Алексей слез с качелей и двинулся вглубь сада. Николай не терял его из виду. Он знал, что сын начинает игру, в которой ему не нужны товарищи. Николай спустился со второго этажа, чтобы самому присмотреть за сыном и отпустить доктора и камердинера, которые обычно сопровождали мальчика. Алексей начинал игру в путешествия, и все страны: Англия, Италия, Франция и, неизвестно почему, Исландия – были у него давно и четко обозначены. Скамейки Ипатьевского сада превращались в самые красивые города Европы. Аллейка на север, туда, к гранатовому дереву, где всегда царила тень, – это была Исландия, холодный остров в Атлантике. Франция была там, где ворота.

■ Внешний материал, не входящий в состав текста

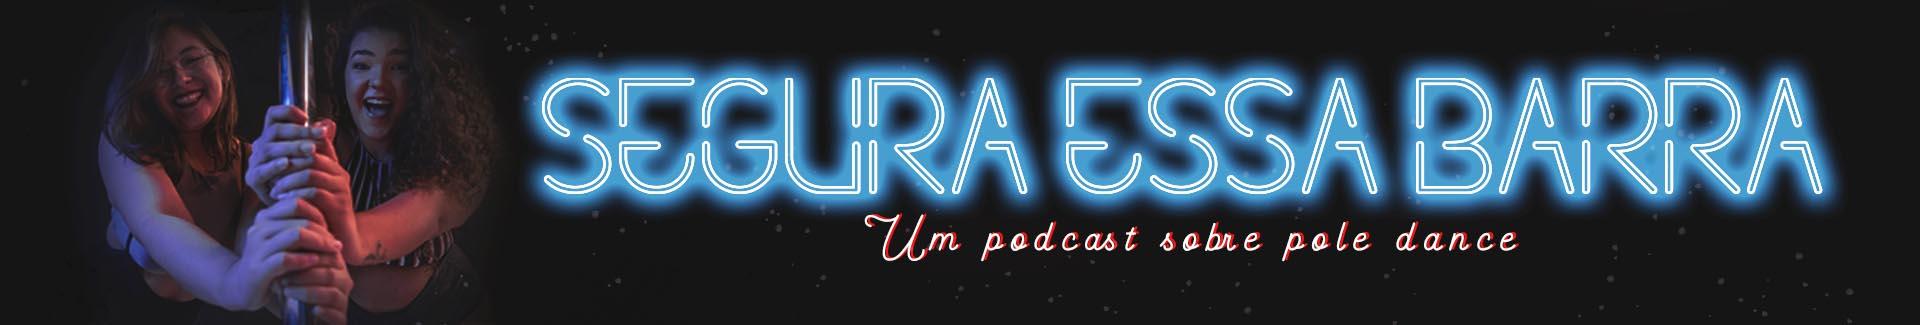 Banner Segura Essa Barra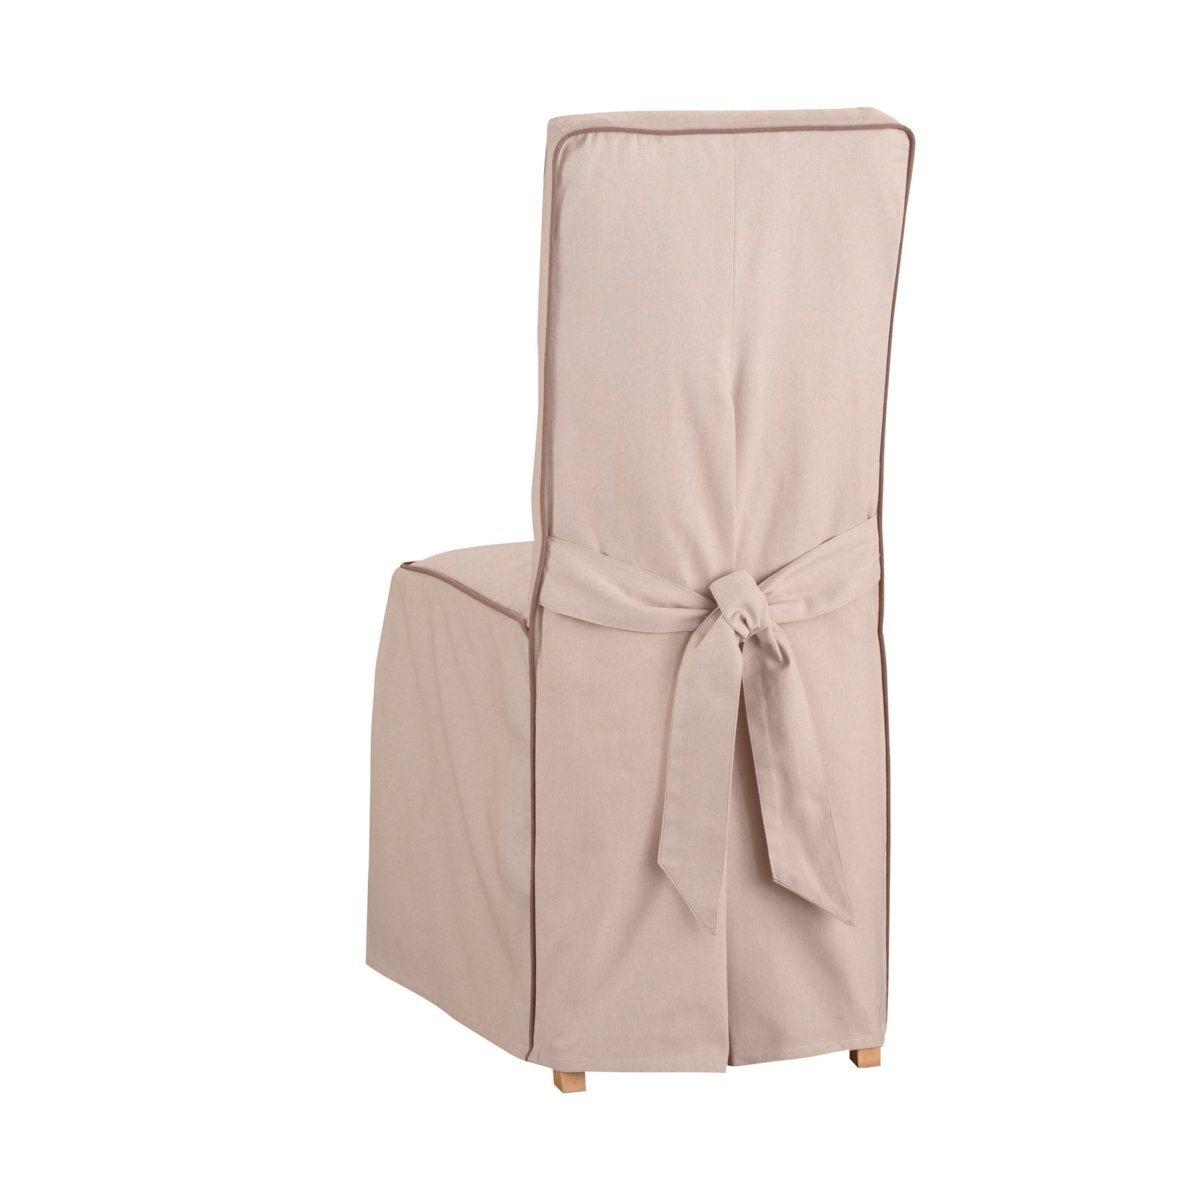 Чехол для стула, BRIDGY.

Нужно почаще наносить туда визиты, думал Алексей, направляясь к запретной зоне. «А теперь вернемся в нашу Исландию», – сказал он сам себе, оглядываясь, не следит ли кто за ним из дома. И двинулся в самое долгое из своих путешествий, на север, до самого гранатового дерева, откуда обычно его и вытаскивал кто-нибудь из родных. Вот и Рейкьявик, где нет никакого короля. Король Дании туда не приезжает, потому что там слишком холодно. Там только высокие горы да вулканы.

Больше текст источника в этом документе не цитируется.